Miejscem, w którym żyją i dzielą się swoimi doświadczeniami z innymi są Sobole (tak samo brzmi nazwa prowadzonej przez nich Fundacji), mała wieś opodal Nowego Dworu Mazowieckiego.
Na dużym terenie stoi dworek i dom dla gości. Jak mówią gospodarze - to
nowoczesna architektura w starym założeniu parkowo-dworskim, gdzie oprócz pomieszczeń mieszkalnych jest też budynek laboratorium, czyli „plac zabaw dla projektantów”.
Fundacja „Sobole” zajmuje się m.in. działalnością kulturalną, naukowo–techniczną, a jednym z jej wielu celów jest „wspieranie rozwoju innowacyjnej przedsiębiorczości poprzez wykorzystanie potencjału wzornictwa”. Rygalikowie prowadzą warsztaty designu, w których ważna jest praca zespołowa, tworzenie w krótkim czasie koncepcji i jej realizacji w prototypie.

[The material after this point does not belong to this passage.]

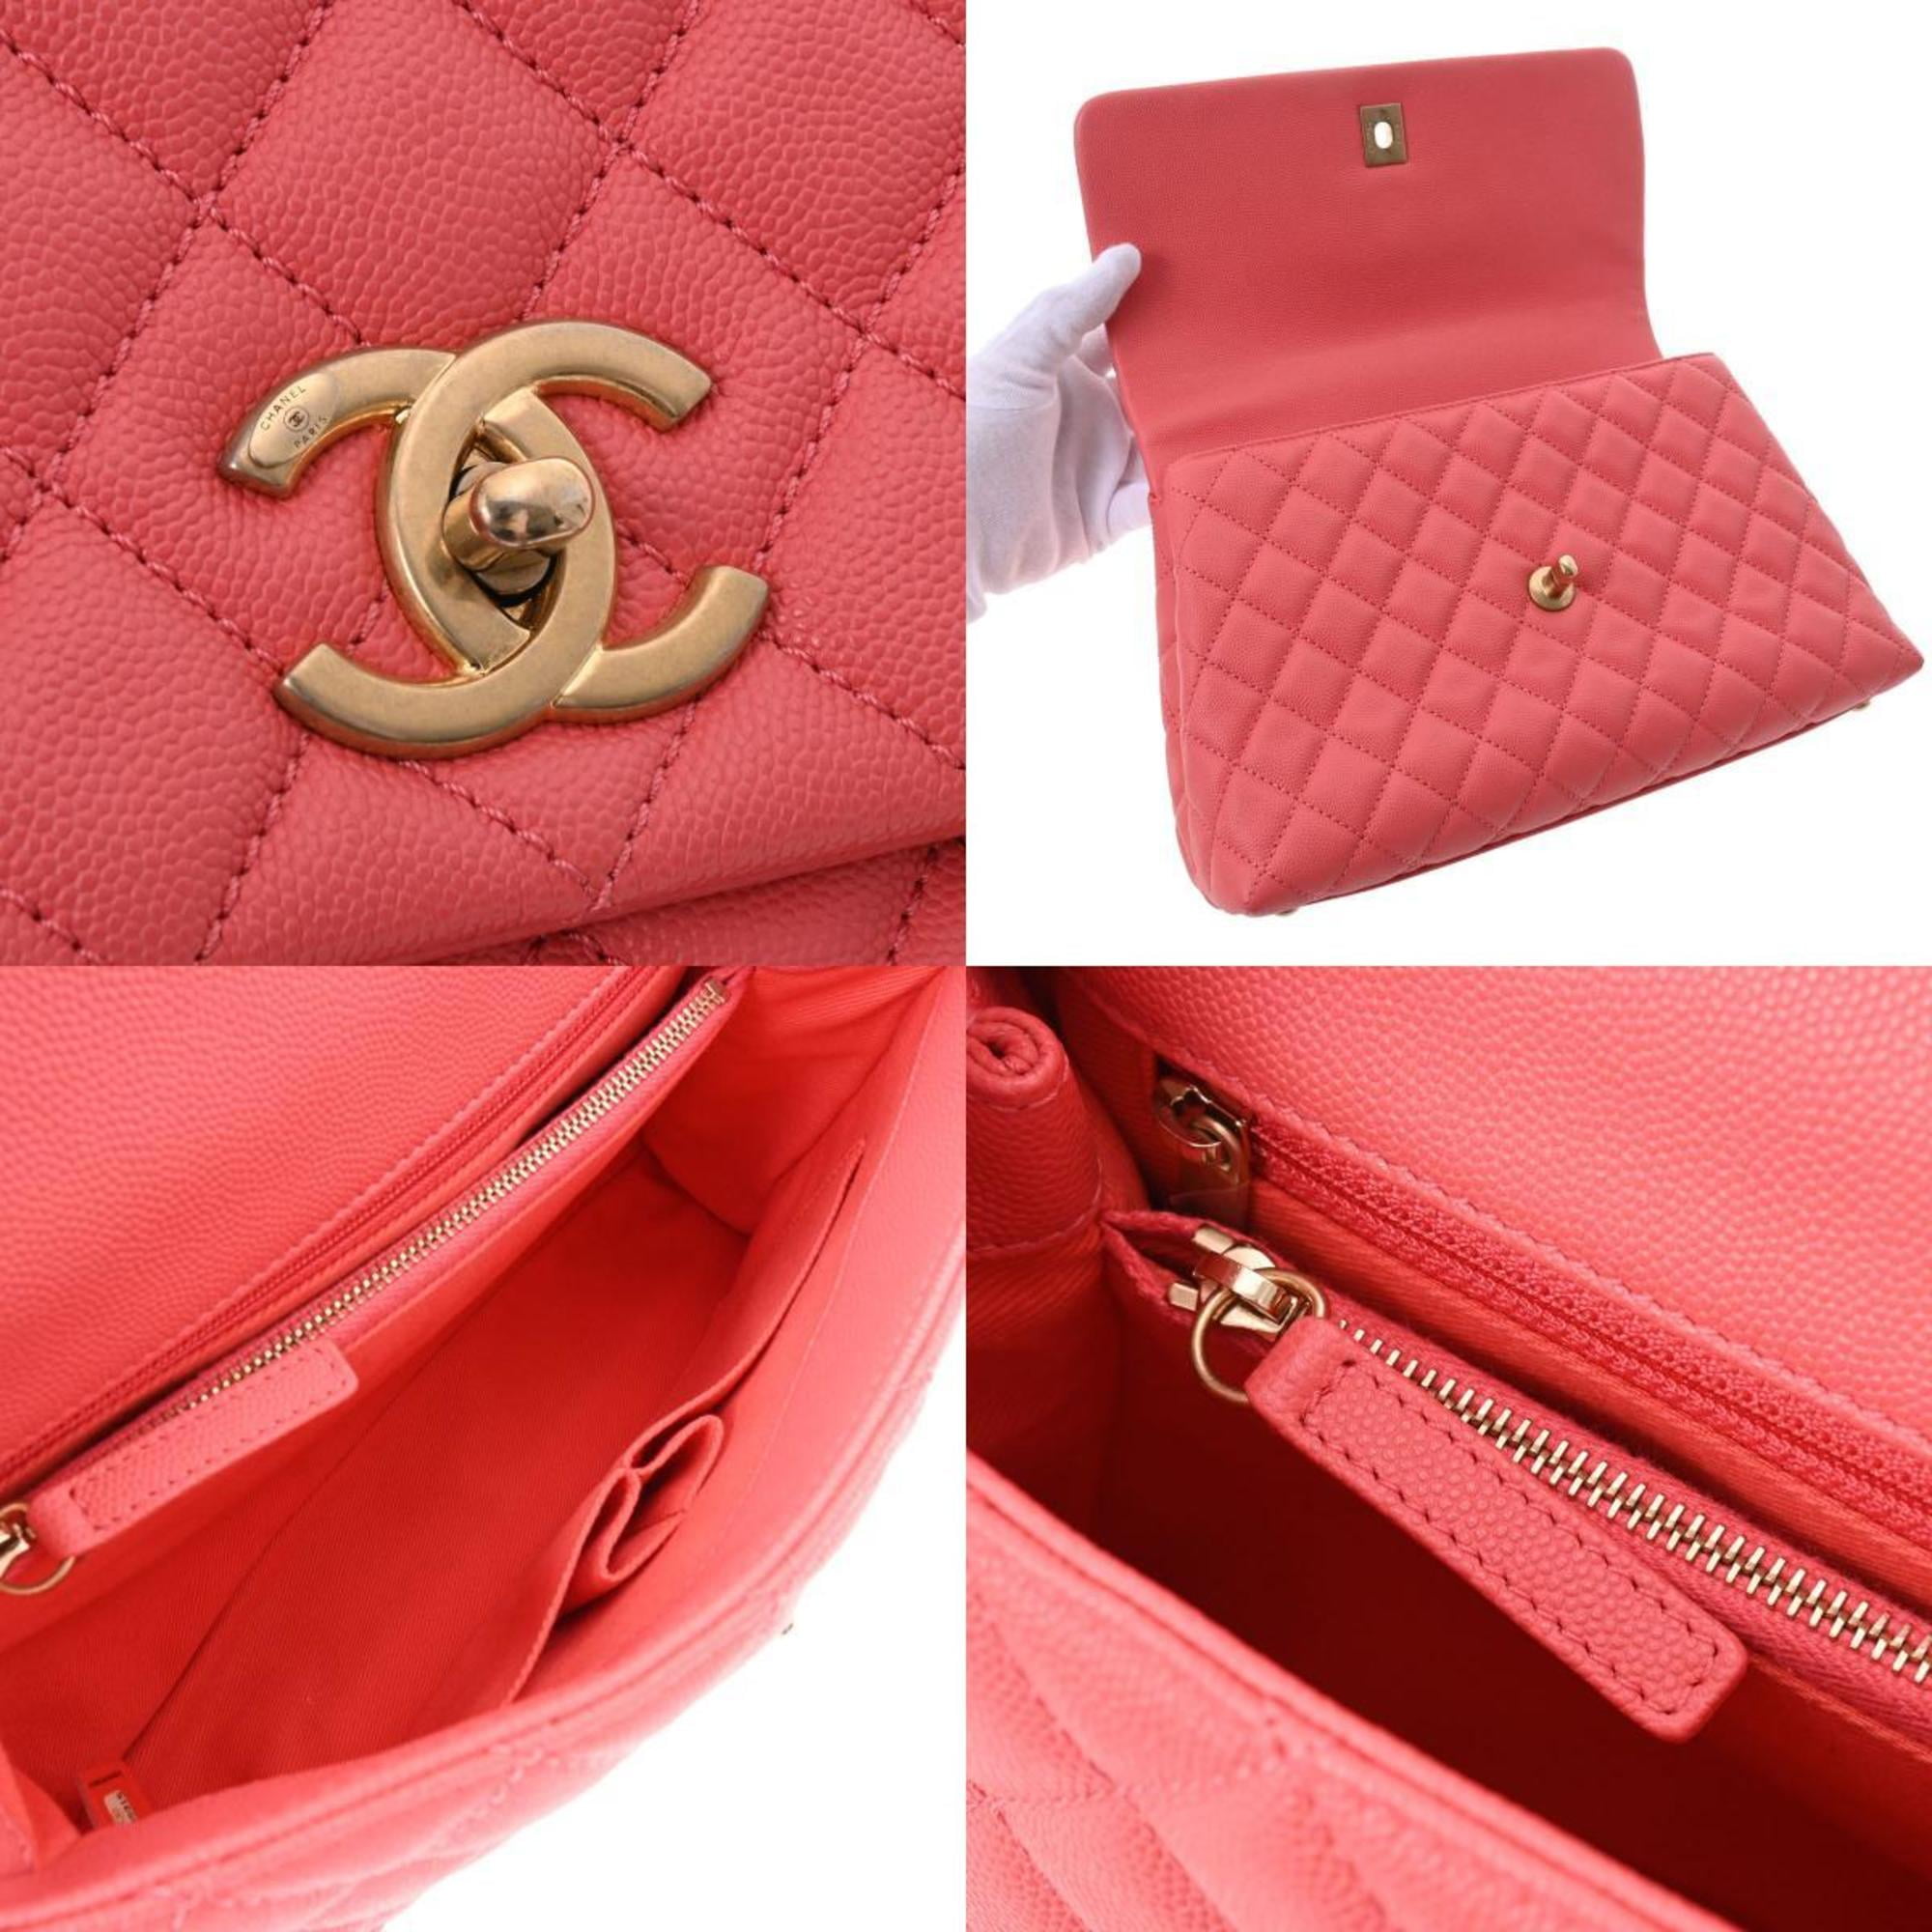 used Pre-owned Chanel Chanel Matelasse Coco Handle 28 Pink A92991 Ladies Caviar Skin Bag (Good), Adult Unisex, Size: (HxWxD): 19cm x 29cm x 11cm /

Ważne są także wspólne posiłki i rozpoczynanie każdego dnia od fizycznej aktywności.
- Chcemy dobrym życiem zarażać innych – wyjaśnia Małgorzata Rygalik.
Gospodarze oprowadzają po swoich włościach: pokazują m.in. „kosiarkę” - duży prostopadłościan z siatki, do którego wpuszczane są króliki, by wystrzygły trawę.
- Tak naprawdę to eklektyczna zbieranina – mówi o sprzętach w domu Tomasz Rygalik. – Ale jest tu też sporo prototypów.